THE TASK: Copy out the data word for word. The images are not part of the copy.

═══ AVAILABLE DATA ═══

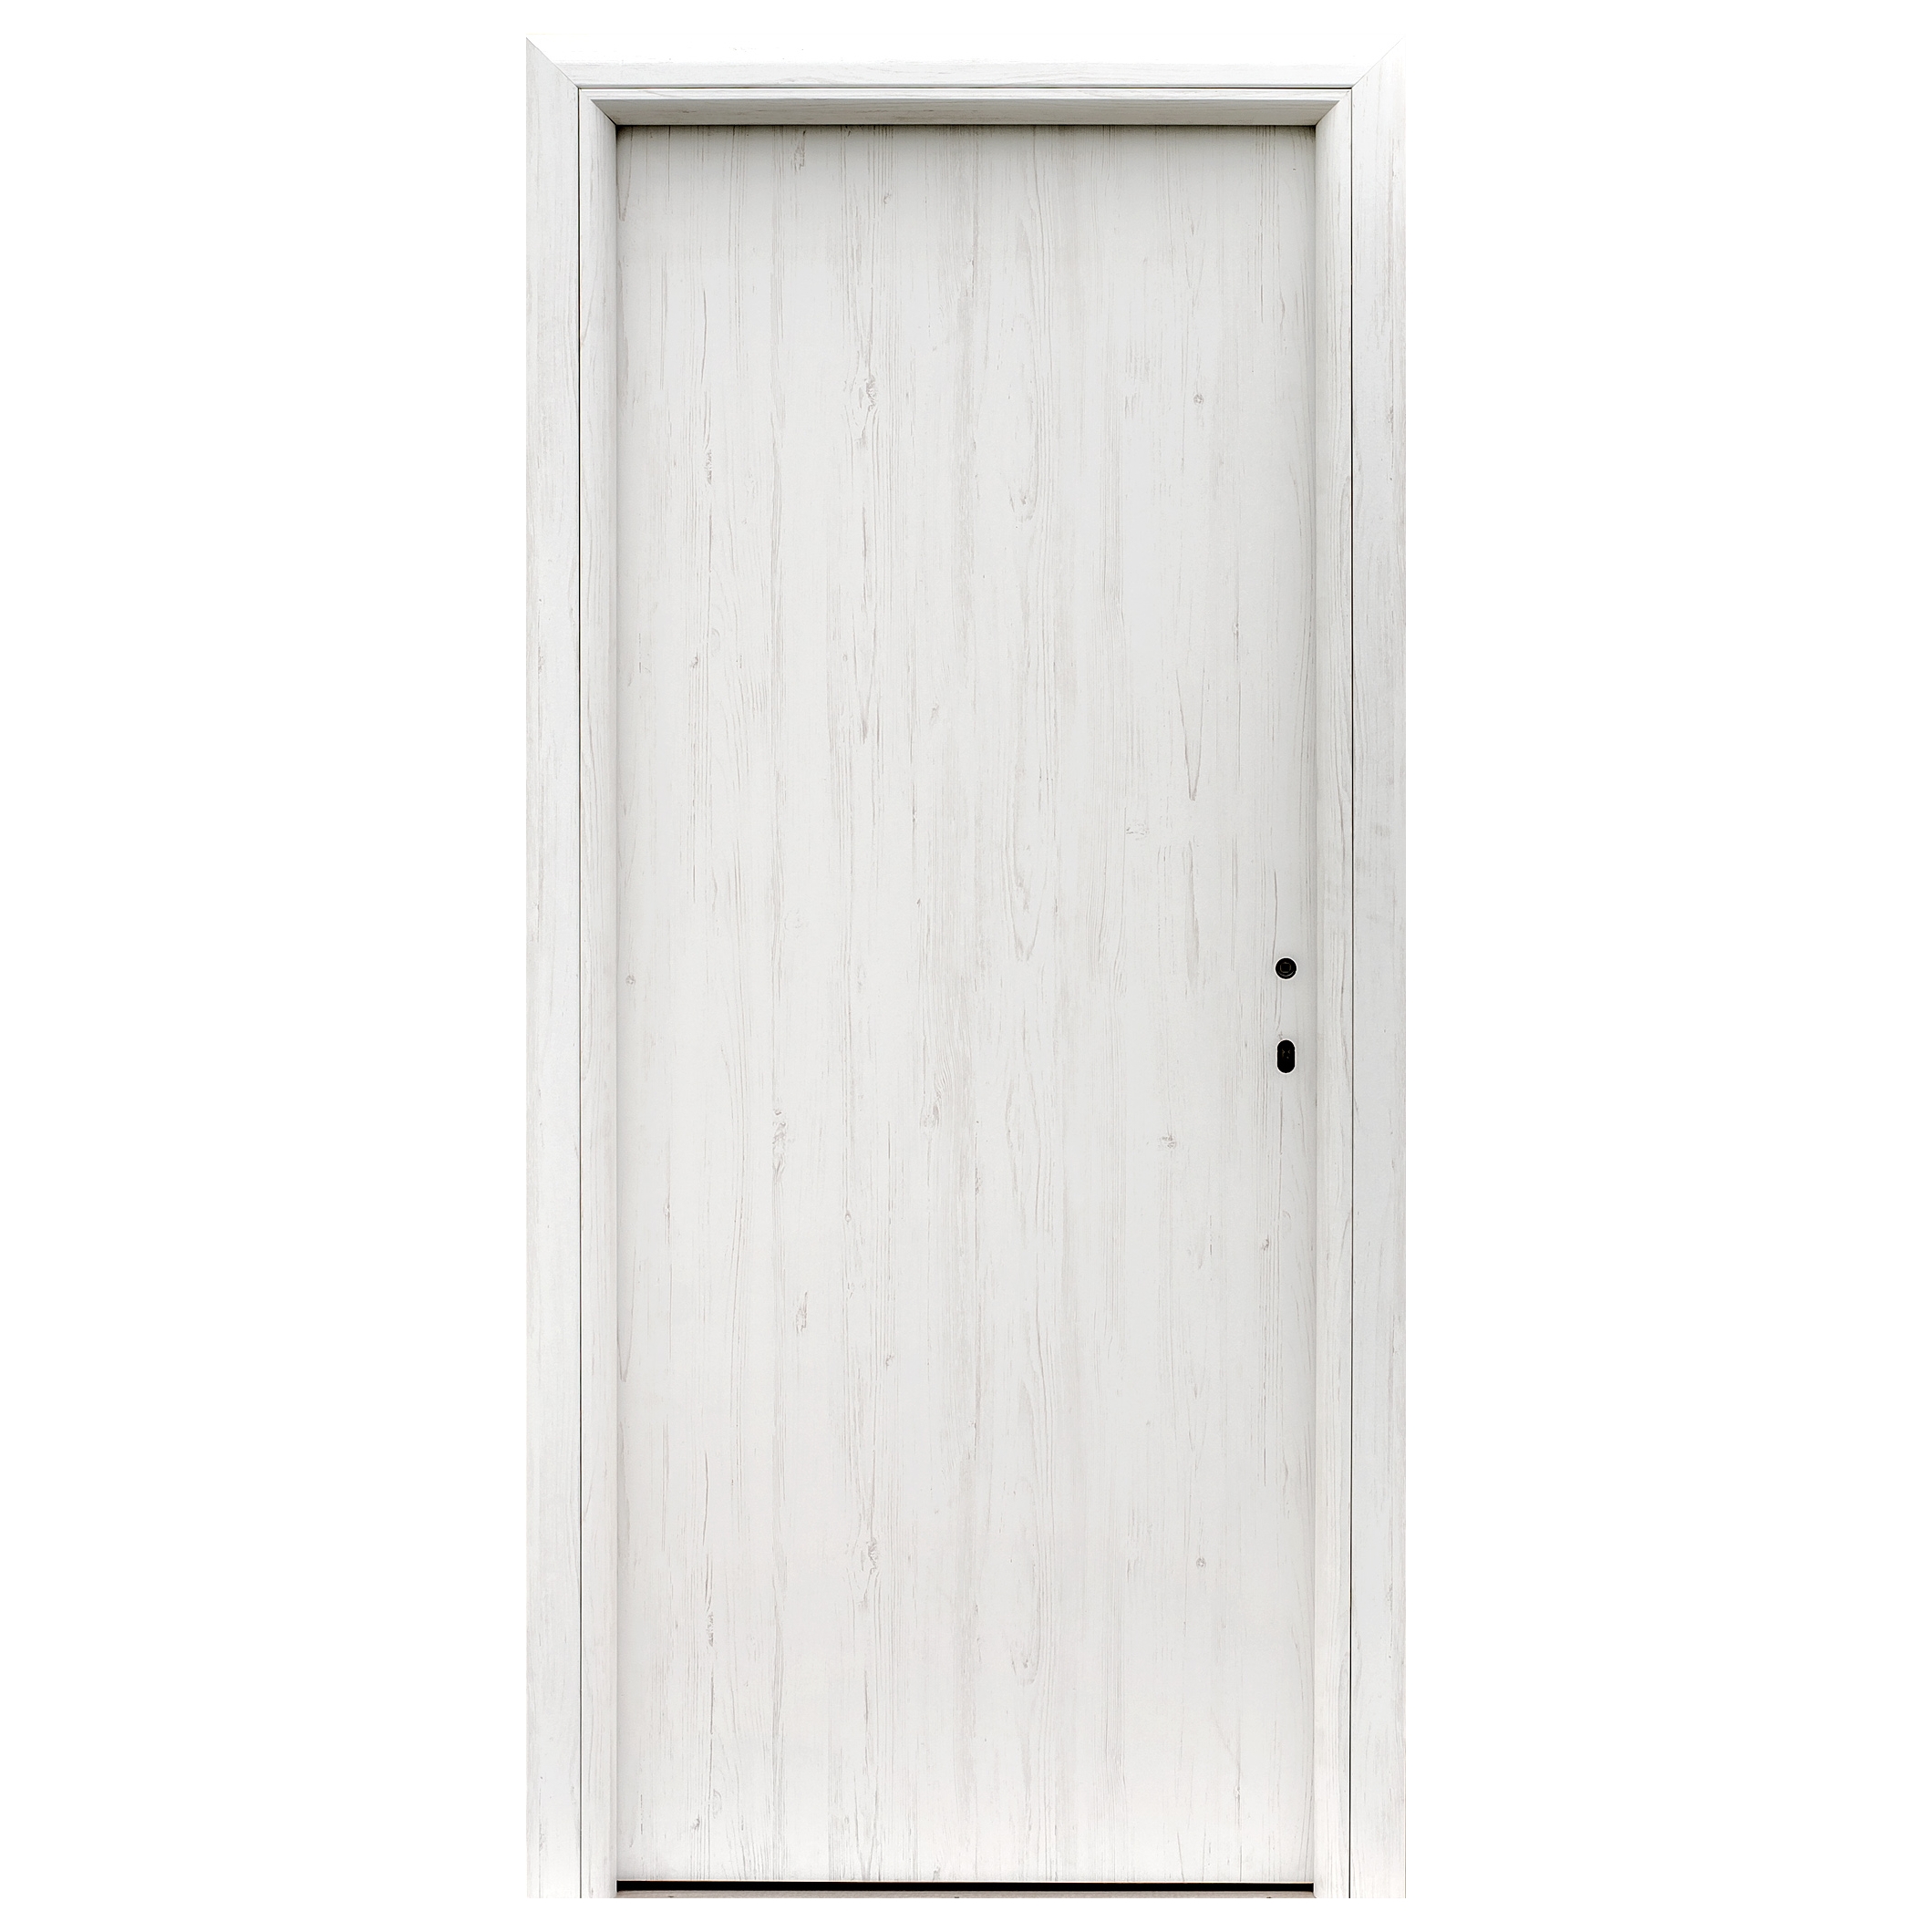 Usa interior celulara, Eco Euro Doors R80 Doina, stanga, alb, 202 x 76 x 4 cm, cu toc
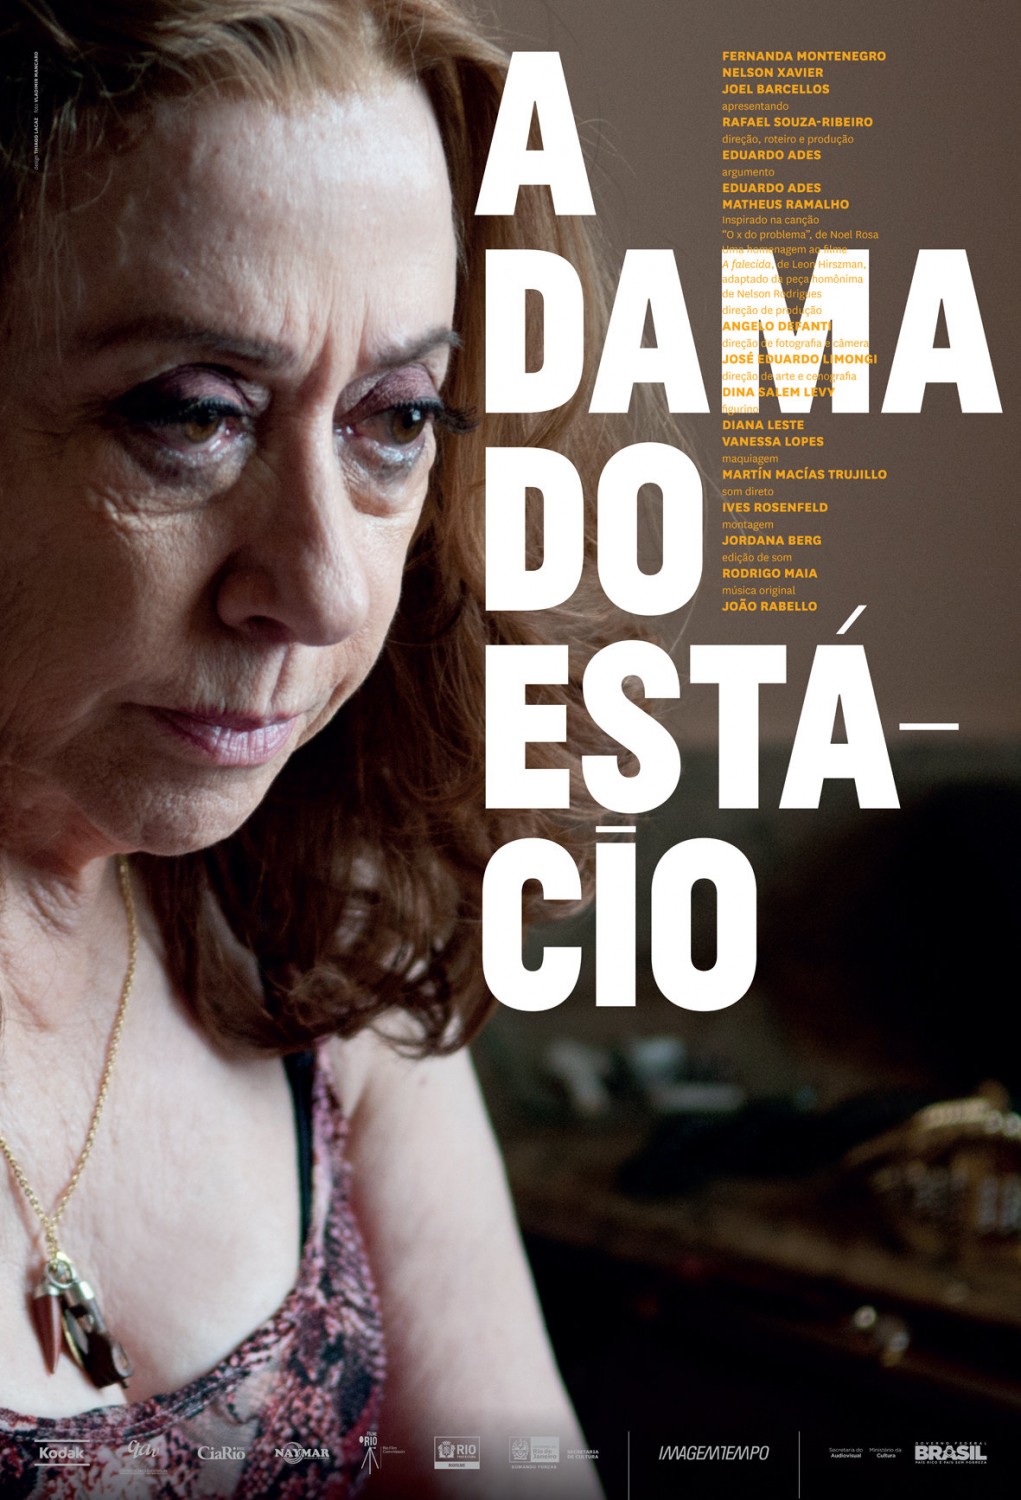 Extra Large Movie Poster Image for A Dama do Estcio
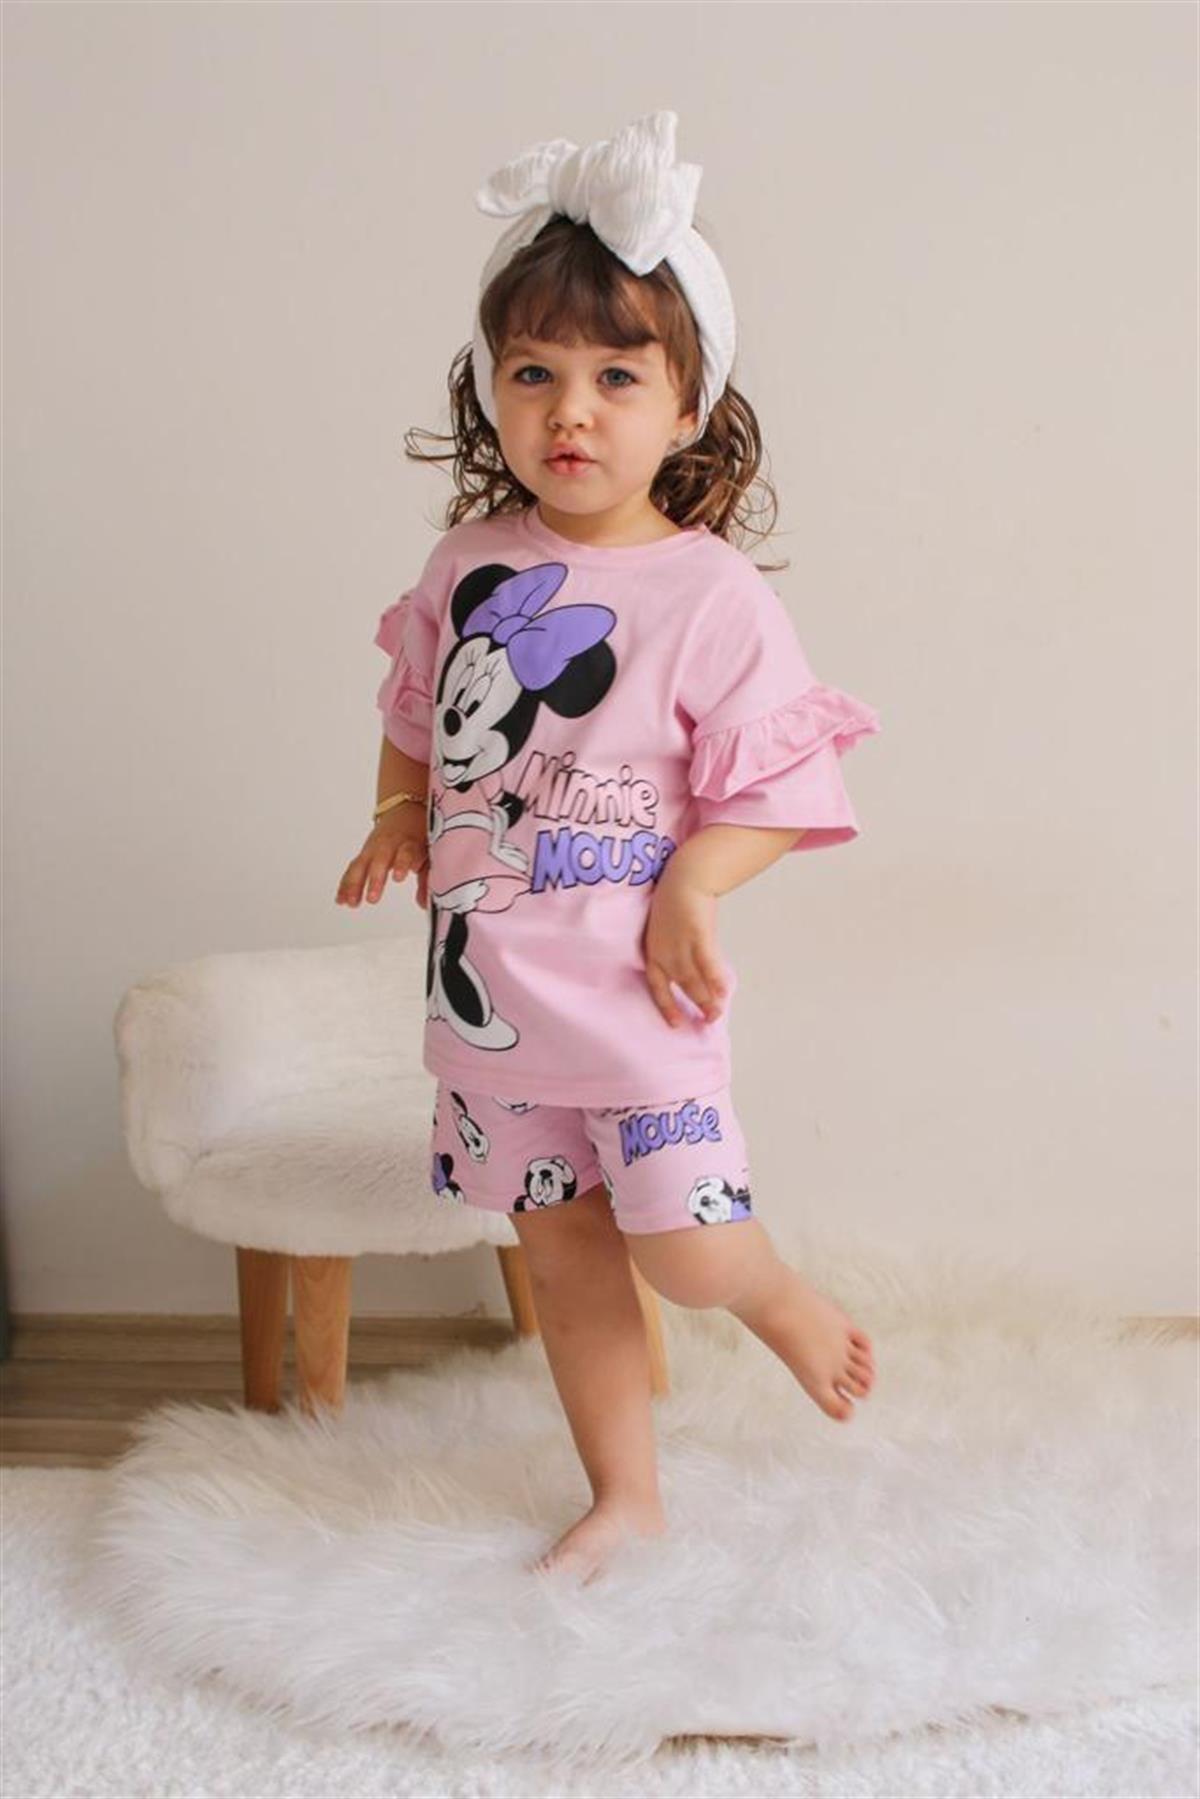 Zara Pembe Minnie Mouse Figürlü Kız Bebek (Çocuk) Tişört ve Şort Takım

═══

RESULT OF THE EXERCISE:
 Usa interior celulara, Eco Euro Doors R80 Doina, stanga, alb, 202 x 76 x 4 cm, cu toc
 Extra Large Movie Poster Image for A Dama do Estcio
 Zara Pembe Minnie Mouse Figürlü Kız Bebek (Çocuk) Tişört ve Şort Takım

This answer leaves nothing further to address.